Her elbow throbbed where she’d hit it when she fell, her leg hurt, and she had to pee so bad she’d wet her pants a little. Biting her lip, she fumbled with the zipper on her cords. Because they were so tight, she had a hard time pulling them down. She kept her eye on the woods across the road as she peed. By the time she’d finished and found a tissue, she could see a little better in the dark, and no man had come out of the trees, but her teeth were chattering.

She remembered the MapQuest directions. Callaway Road couldn’t be that much farther, and when she found it, all she had to do was walk 1.3 miles to get to the farm; 1.3 miles wasn’t far. Except she didn’t remember which direction they’d been going.

She swiped at her nose with the sleeve of her jacket.
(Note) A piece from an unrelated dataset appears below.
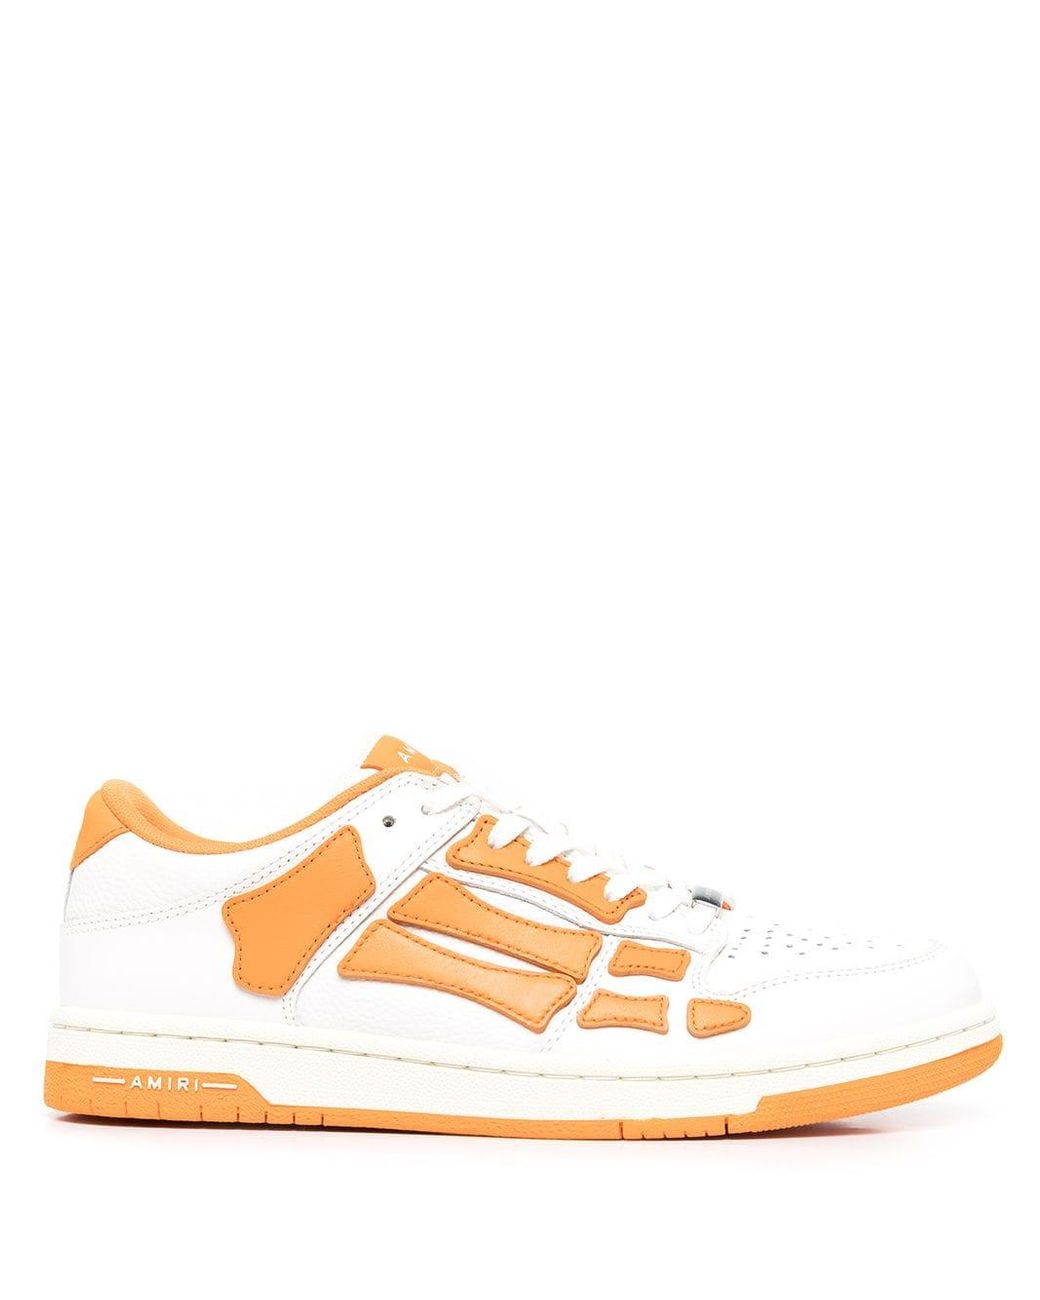 Amiri Leather Patch-detail Lace-up Sneakers in Orange for Men | Lyst

Somehow when Sal had pushed her out of the car, she’d rolled a little and gotten mixed up. She looked for a sign through the dark, but because the road was going uphill, all she could see was darkness. Maybe a car would come? But what if a kidnapper was driving it? Or a serial killer?

She thought they’d maybe been going uphill when Sal’s dad called. Even though she wasn’t sure, she picked up her backpack and started walking because she couldn’t stay here. The nighttime was a lot louder than she’d ever imagined. A spooky owl hooted, wind cracked in the trees, and things made slithery noises that she hoped wasn’t snakes because she was very afraid of snakes. N

o matter how hard she tried to hold them back, these little whimpery sounds kept coming out of her mouth.

She started thinking about her mom. Riley’d thrown up in her wastebasket when Ava had told her the news. At first, all she could think about was herself and what would happen to her. But then she’d thought about how her mom used to sing silly songs to her. That was when Riley had been a cute little kid, before she got fat and her mom stopped liking her. During the funeral, Riley kept imagining how scared her mom must have been when she felt her lungs filling up with water, and she’d started crying so hard that Ava’d had to take her out of the church. Afterward, her dad said she wasn’t allowed to go to the graveyard for the burial, and him and Aunt Gayle had a big fight about it, but her dad wasn’t afraid of Aunt Gayle like everybody else, so Ava took Riley home, and let her eat all the Pop-Tarts she wanted, and put her to bed.

The wind whipped Riley’s hair, which was bushy brown, not shiny blond like her mom’s and Aunt Gayle’s and Trinity’s. “It’s a pretty color, Riley. Like a movie star’s.”